■ What to work on: Print the whole listing again exactly, keeping no pictures in it.

■ Provided material:
- Opening Delimiter -

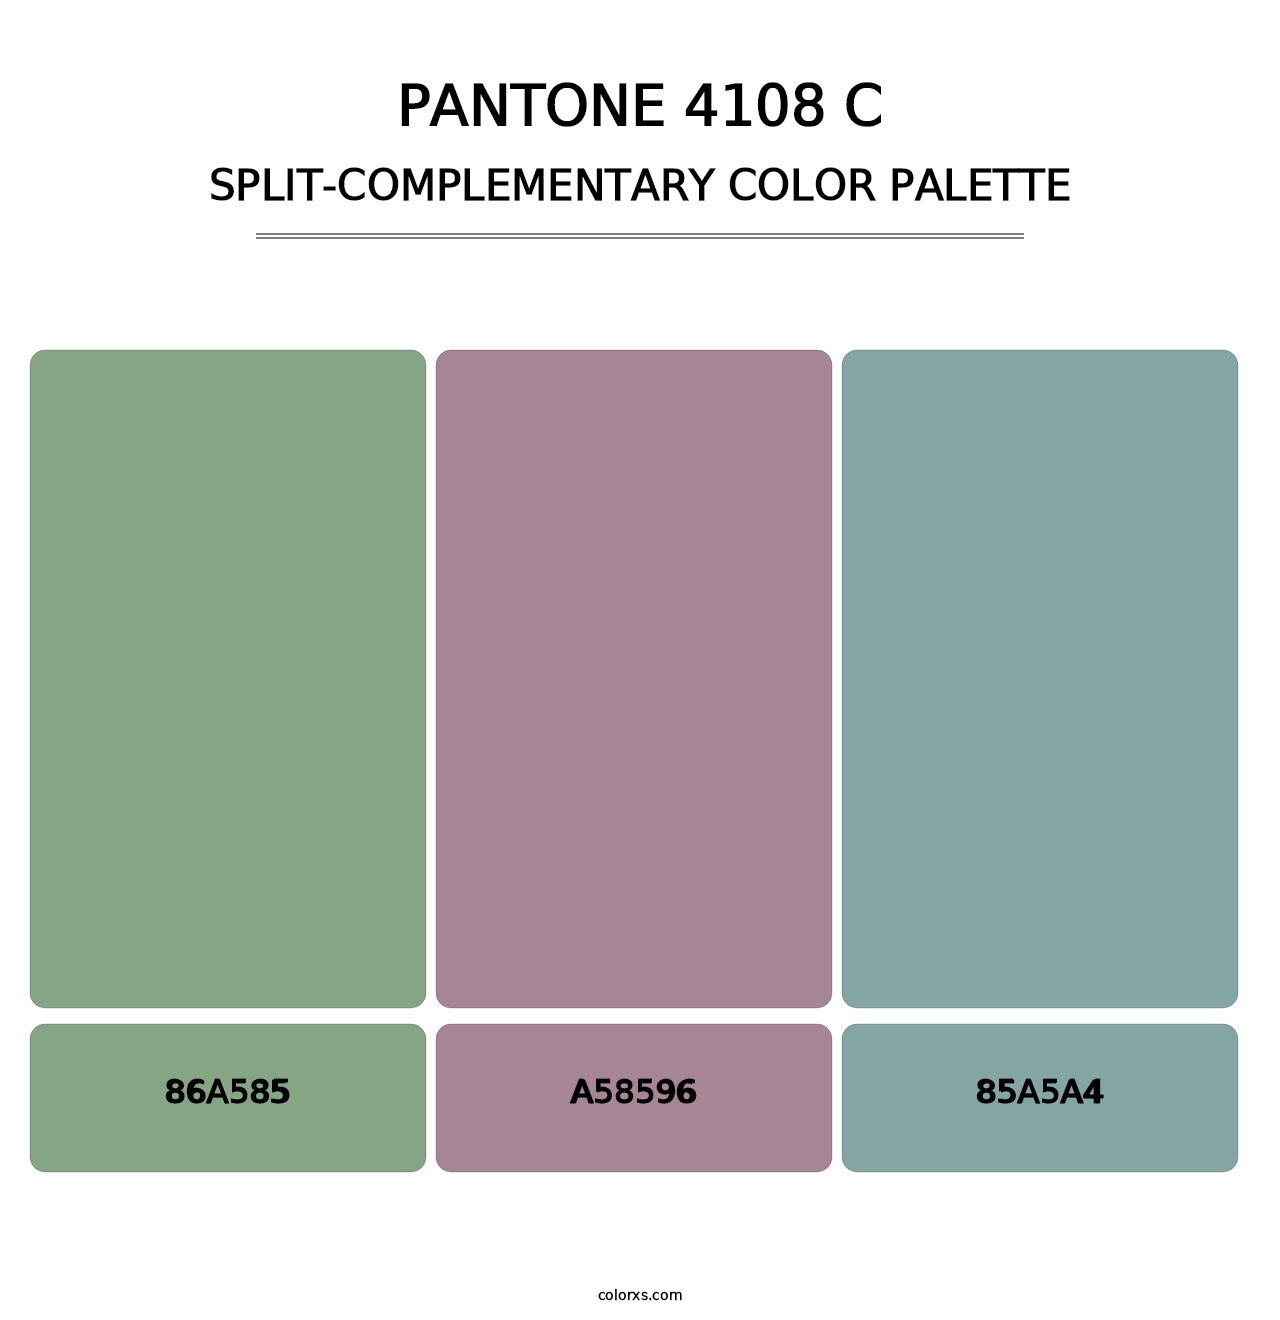 PANTONE 4108 C - Split-Complementary Color Palette
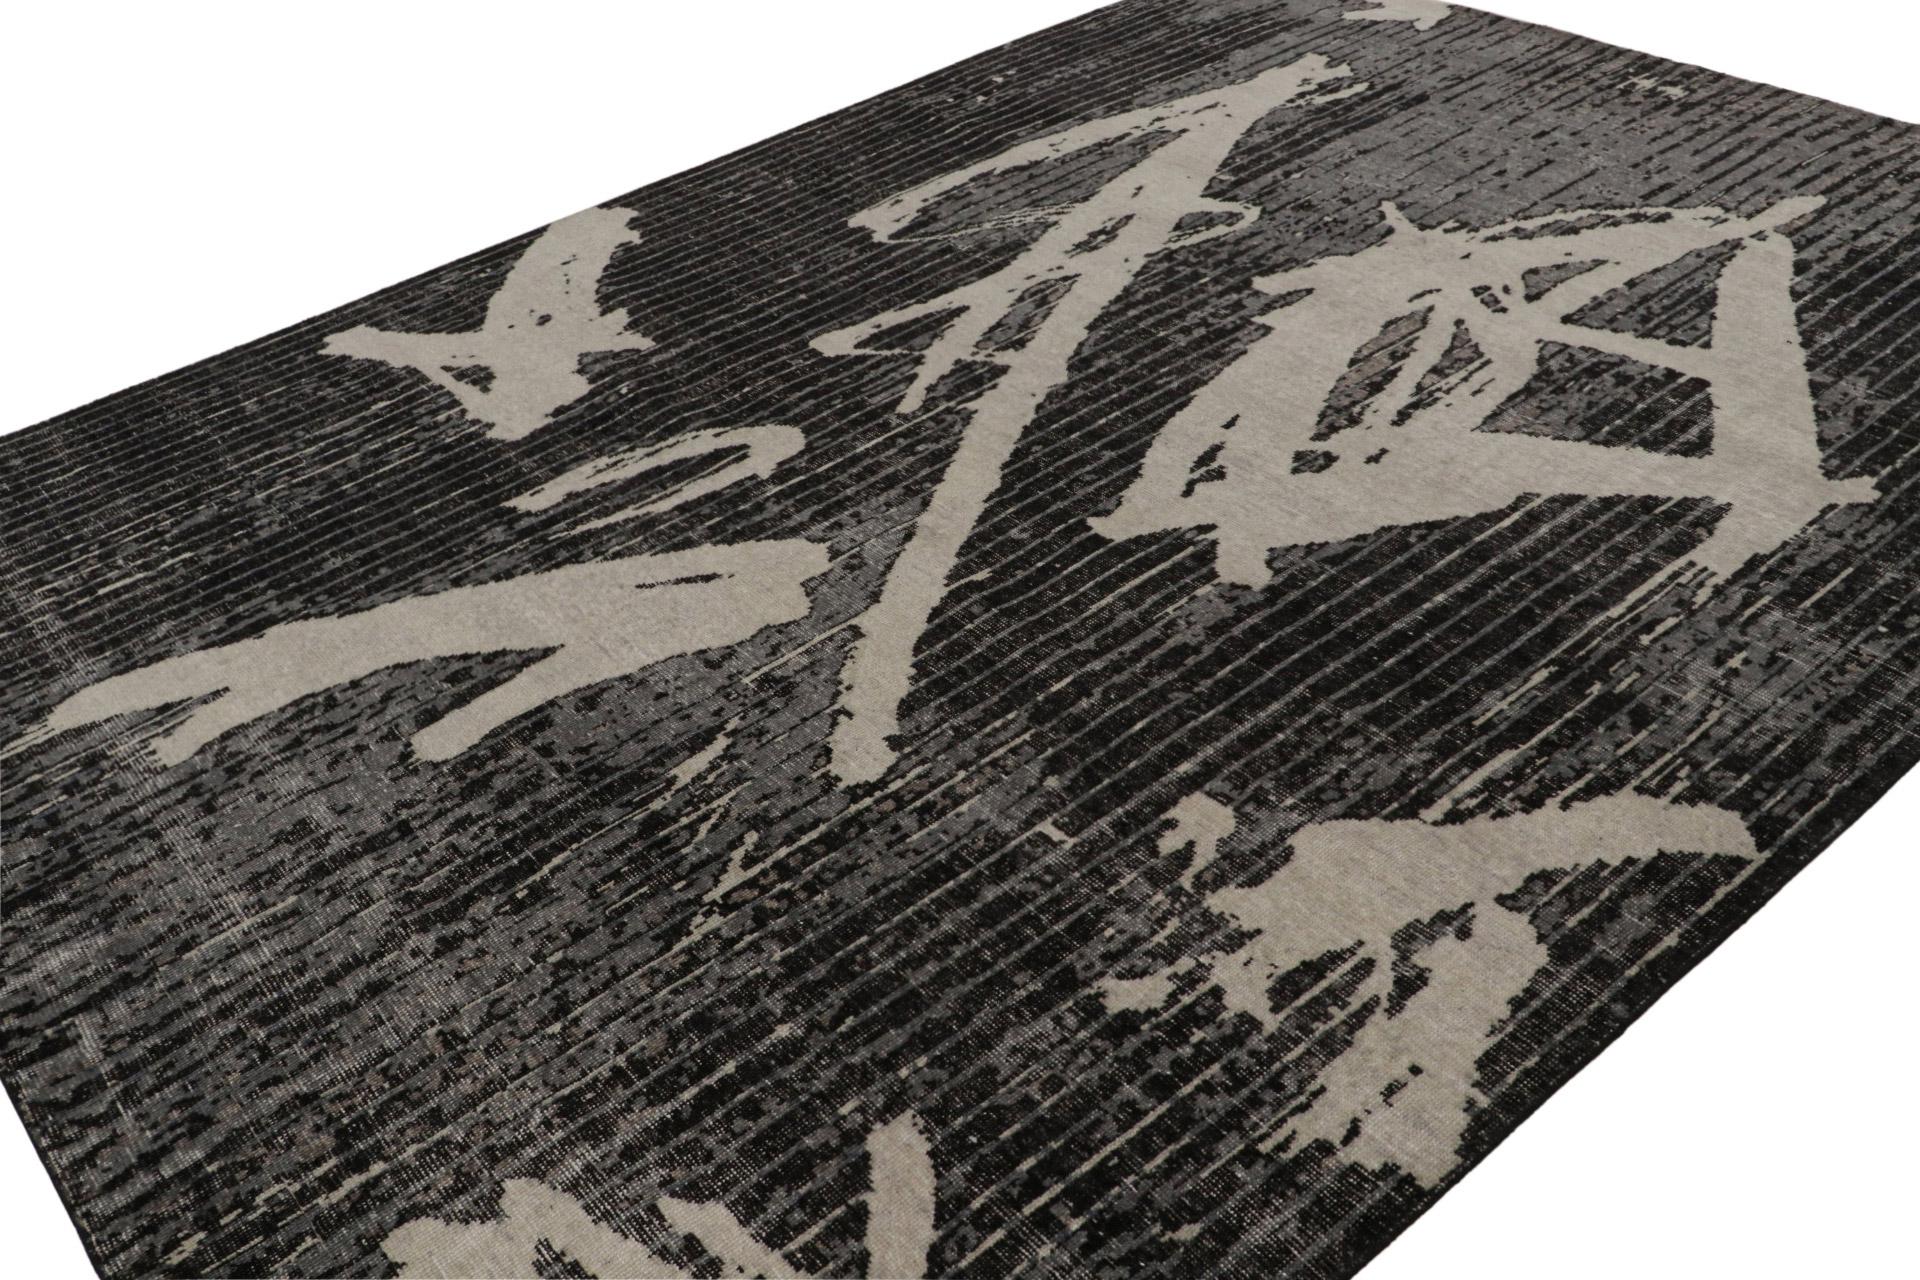 Noué à la main en laine, ce tapis moderne 9x12 est un nouvel ajout à la Collection Homage de Rug & Kilim.

Sur le Design : 

Un tapis noué à la main qui allie un motif géométrique moderne et un style vieilli, appartenant à la Collection Homage de

- Closing Delimiter -

■ Worked solution:
 PANTONE 4108 C - Split-Complementary Color Palette
 Noué à la main en laine, ce tapis moderne 9x12 est un nouvel ajout à la Collection Homage de Rug & Kilim.

Sur le Design : 

Un tapis noué à la main qui allie un motif géométrique moderne et un style vieilli, appartenant à la Collection Homage de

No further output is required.